Liberal Justice Stephen Breyer has served on the Supreme Court for almost 27 years. He is 82 years old. Right now, there is a Democratic president and a Democratic Senate. That means this is his chance to retire and be replaced with a justice who broadly shares his values, and will vote to protect abortion rights, LGBT rights, civil rights, and voting rights. If Breyer does not retire now, he, like Justice Ruth Bader Ginsburg before him, is likely to see his replacement chosen by a fascist clown like Donald Trump. That would imperil his legacy and, indeed, democracy.

Yet, Breyer is signaling that he will not retire. He is releasing a book about the dangers of making the court a political institution, and observers believe he may stay in office to show that judges are not partisan, and do not care which president replaces them. “My experience of more than 30 years as a judge has shown me that, once men and women take the judicial oath, they take the oath to heart,” he declared in a Harvard Law School address. “They are loyal to the rule of law, not to the political party that helped to secure their appointment.” He added, “If the public sees judges as politicians in robes, its confidence in the courts, and in the rule of law itself, can only diminish, diminishing the court’s power.”

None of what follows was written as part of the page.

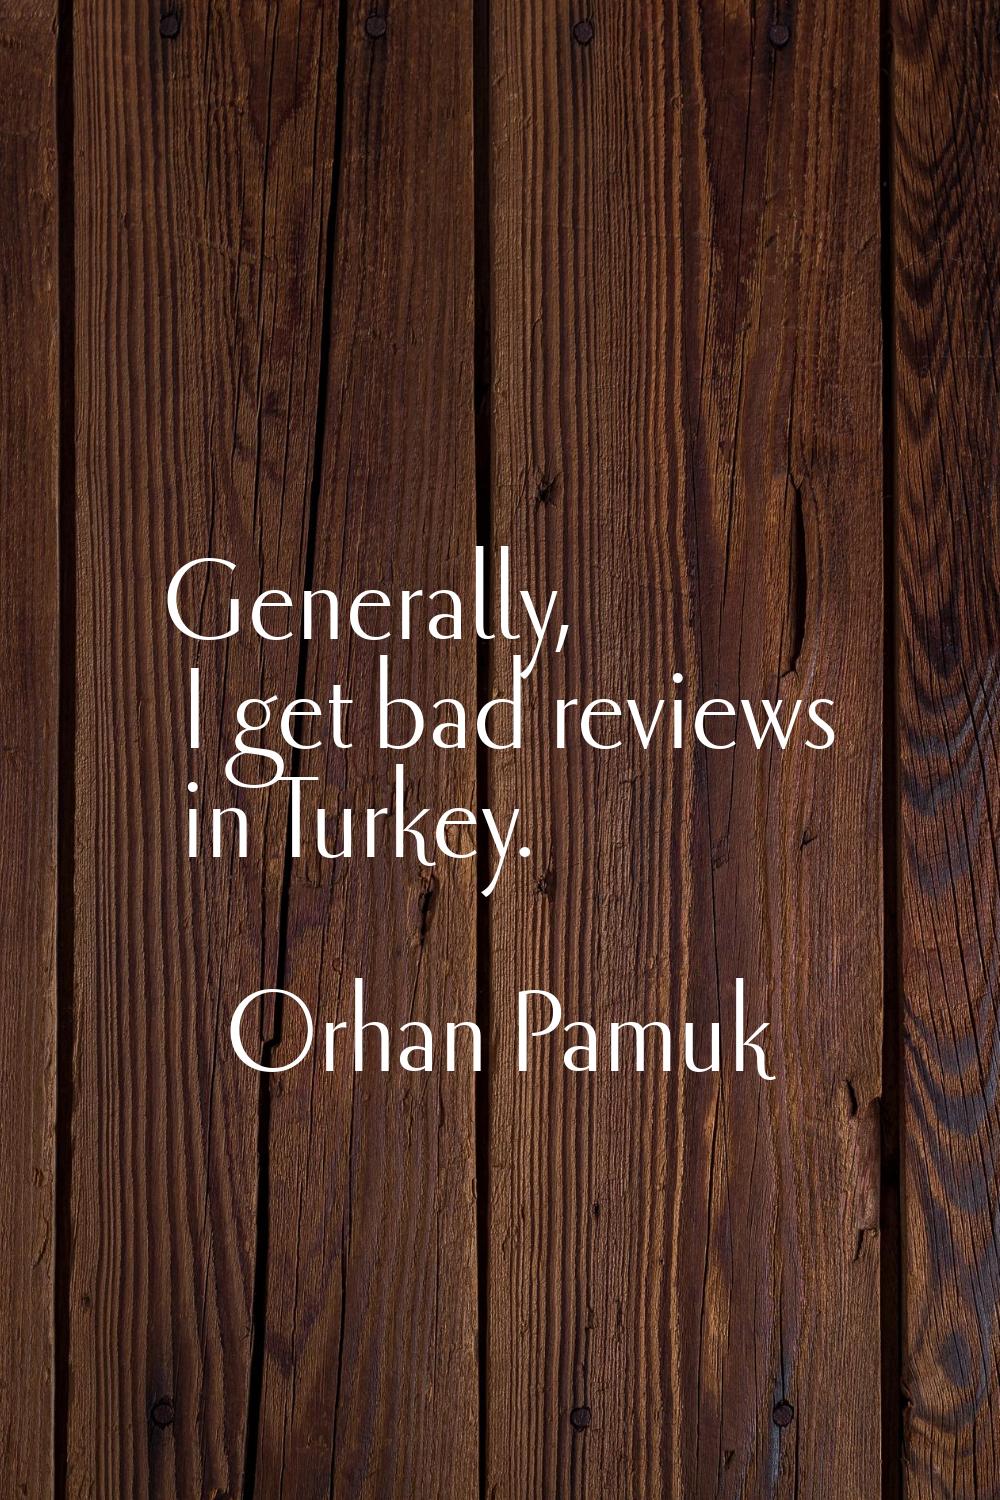 Generally, I get bad reviews in Turkey.

Breyer is worried that the appearance of a political court will erode public confidence and faith in democracy. For him, the main problem facing American liberal democracy is partisanship. But he’s wrong. The main problem facing American liberal democracy is fascism. And insisting that the fascists and opponents of democracy are good-faith partners in bipartisan defense of democratic institutions is the quickest path to destroying those institutions for good.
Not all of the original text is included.